Damit dürfte auch eine größere Wirtschaftsbelebung im Euroraum ausbleiben: Hier liegt die Wachstumsprognose bei 1,2 Prozent. Vor allem bei Spanien sind die Analysten in ihrer Prognose eher zurückhaltend – hier gehen sie davon aus, dass die viertgrößte Volkswirtschaft des Euroraums die Wachstumsdynamik des Währungsgebiets nicht mehr so stark anschieben kann wie im Vorjahr.

Geldpolitik setzt auf stabilere Verhältnisse und kontrollierbare Inflation

Zuversicht herrscht beim Ausblick auf die Entwicklung der Inflation: Sie dürfte sich im Jahresverlauf weltweit weiter abschwächen, für den Euroraum rechnet das Institut mit einer Stabilisierung der Zwei-Prozent-Marke, die von der Europäischen Zentralbank (EZB) vorgegeben wurde. Diese Zielmarke wurde bereits Ende 2025 erreicht. In den USA bleibt die Inflationsrate dagegen höher, unter anderem aufgrund der 2025 eingeführten Strafzölle auf Importe. Für einen erneuten „Inflationsschock“ gebe es aber keine Anzeichen, heißt es weiter. Auch der zwischenzeitliche Zollstreit mit den USA hat auf die Inflation voraussichtlich keine nennenswerten Auswirkungen.
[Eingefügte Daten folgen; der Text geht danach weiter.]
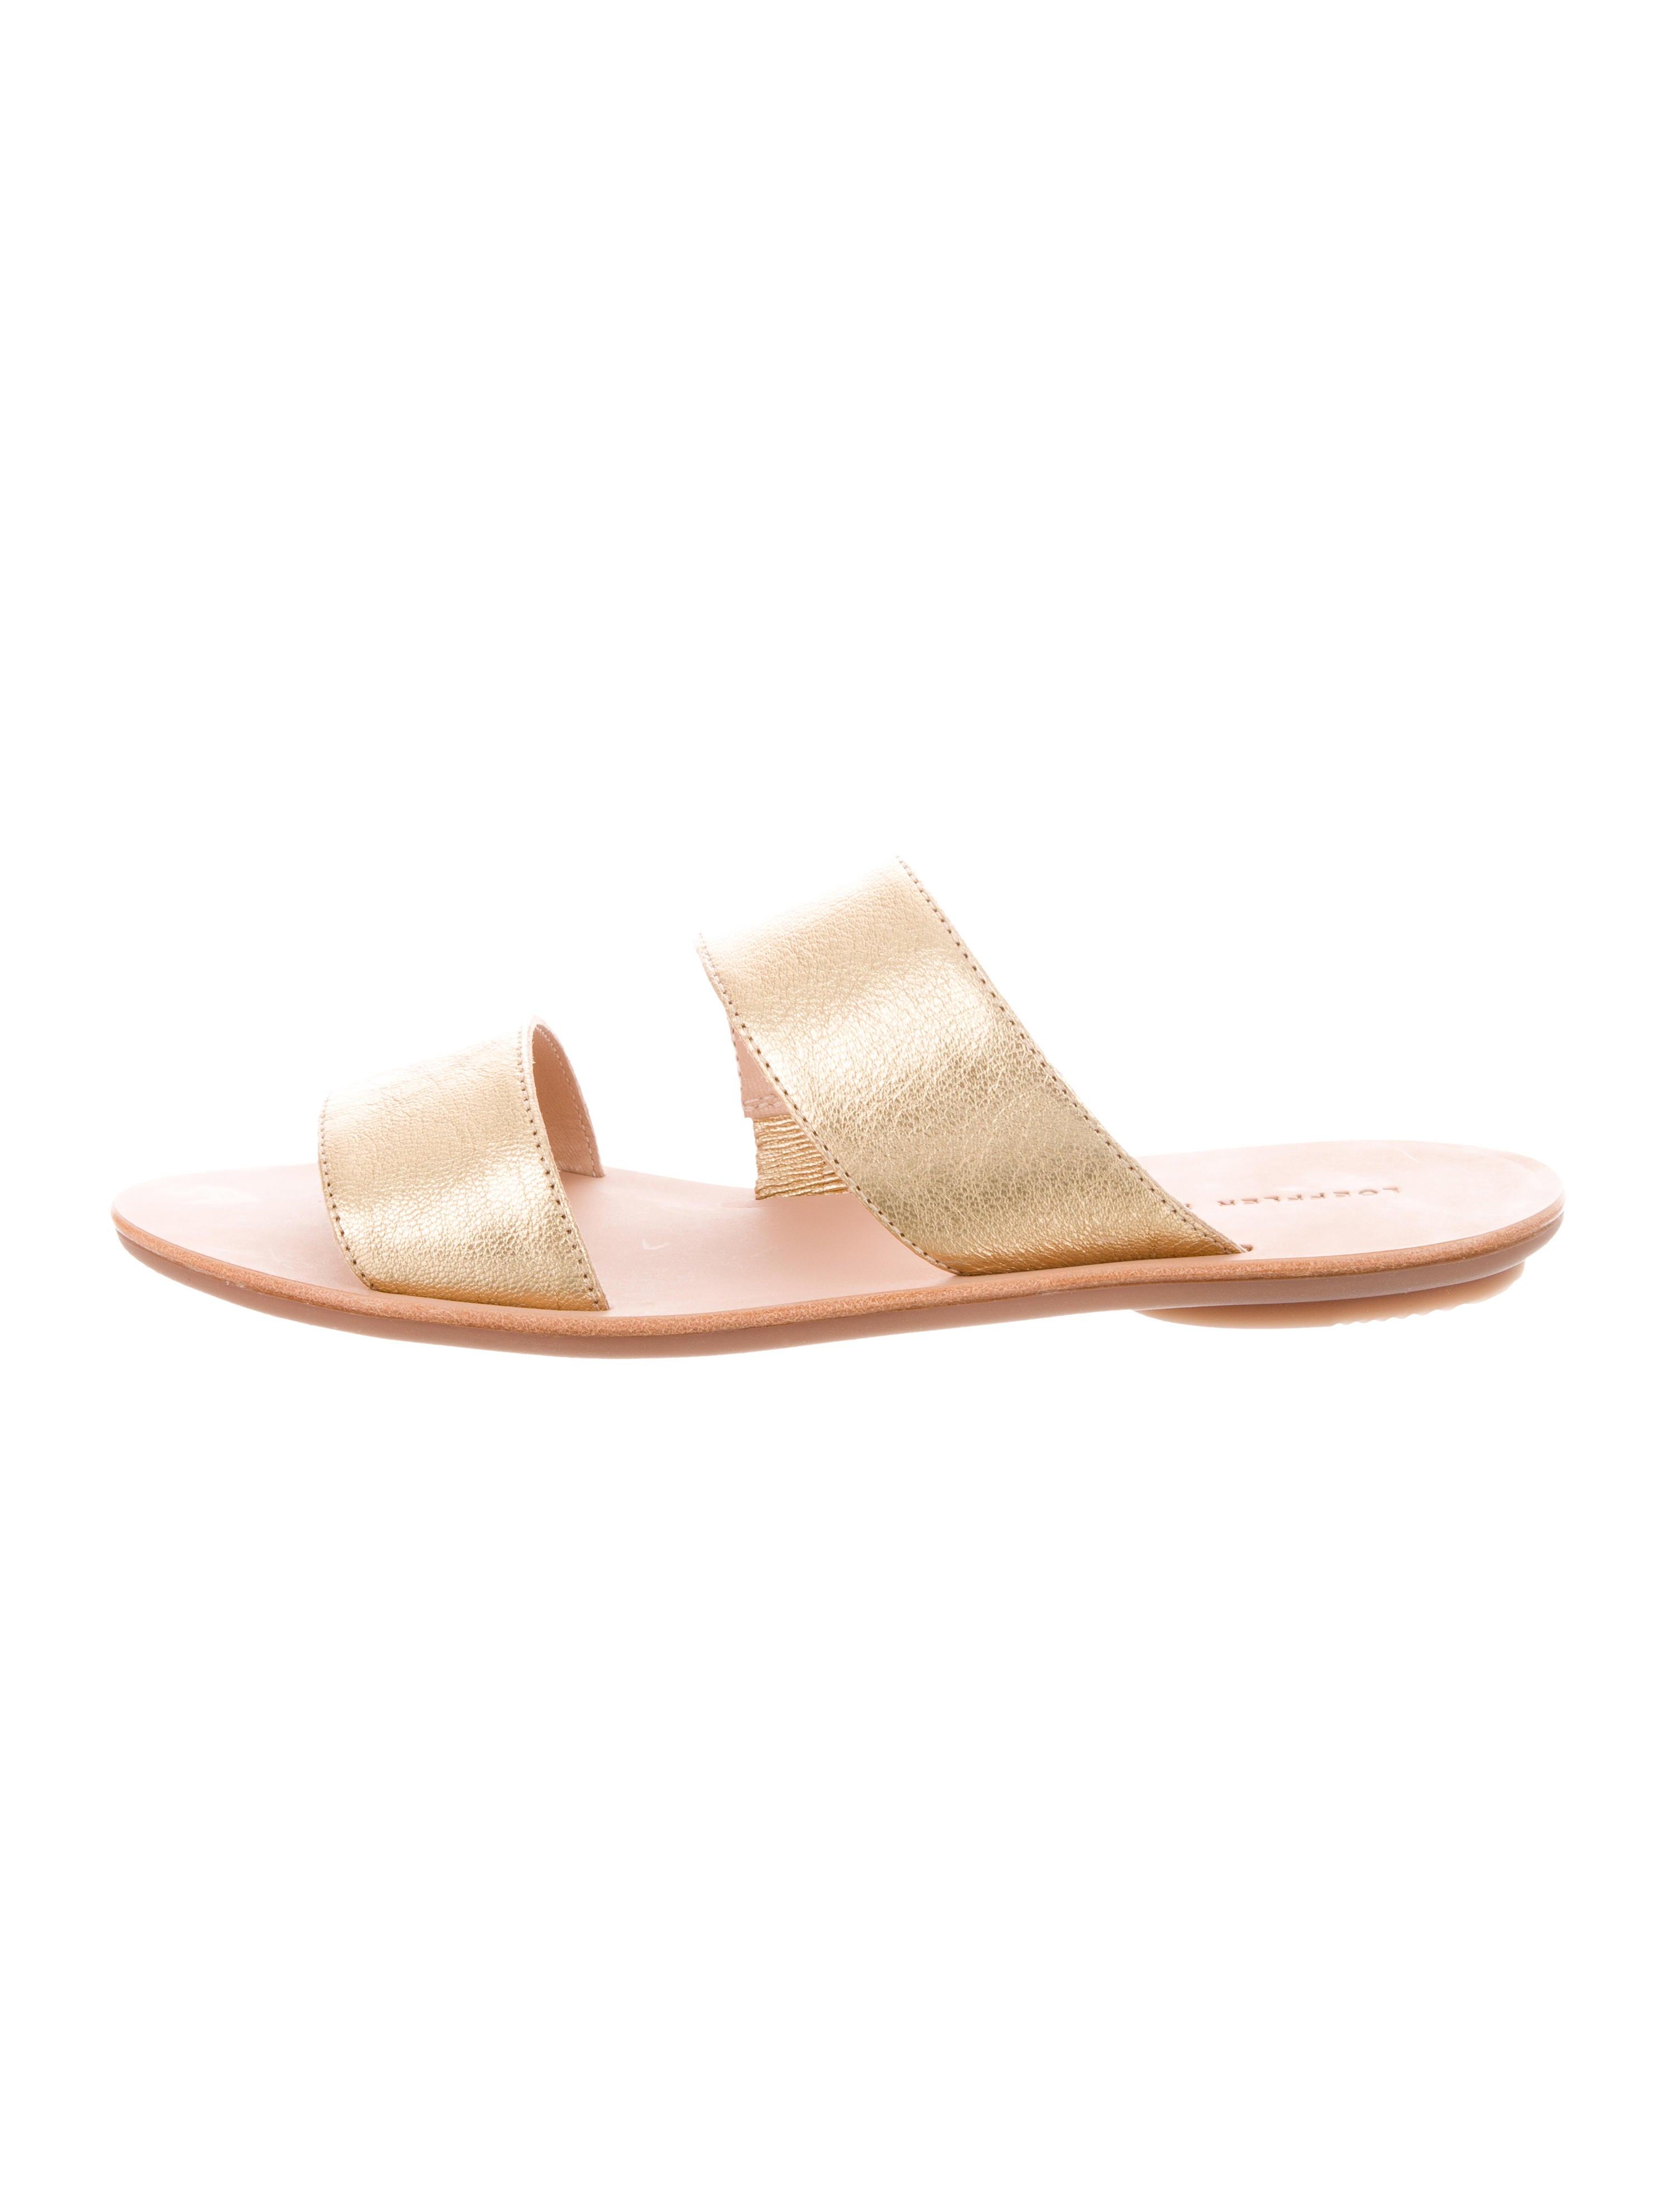 Loeffler Randall Clem Slide Sandals w/ Tags professional online yFjliIzm3Q
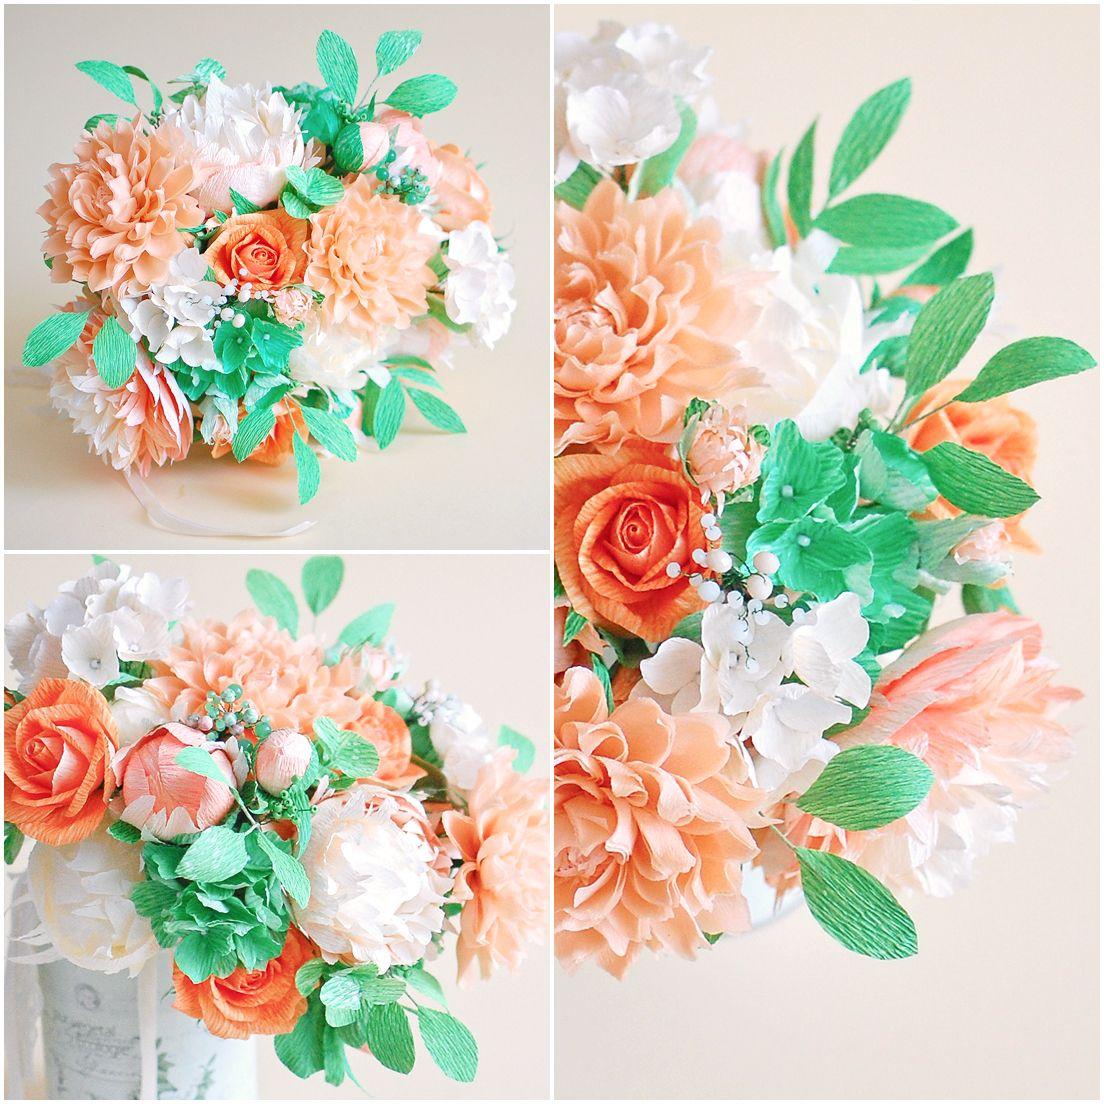 Paper flowers bridal bouquet salmon pink paper flowers paper flowers bridal bouquet salmon pink izmirmasajfo

Stabilität erwarten die Experten auch bei der Geldpolitik: Die EZB hat ihren Einlagesatz bereits im Juni 2025 auf zwei Prozent halbiert – und wird diesen nach Einschätzung der apoBank 2026 unverändert lassen.    Trotz aller Zuversicht ist die Vorschau auf das Finanz- und Wirtschaftsjahr auch mit Risiken verbunden. Dazu zählen insbesondere die derzeitigen geopolitischen Risiken rund um Grönland, Unsicherheiten rund um die US-Zwischenwahlen sowie die fragile politische Lage in Teilen Europas. Auch die Staatsverschuldung in wichtigen Industrienationen wie den USA stellt einen Unsicherheitsfaktor für die Finanzmärkte dar. Bleiben die Risiken kontrollierbar, können Anlegerinnen und Anleger aber in jedem Fall auf ein konstruktives Marktjahr mit attraktiven Chancen blicken, so das Schlussfazit.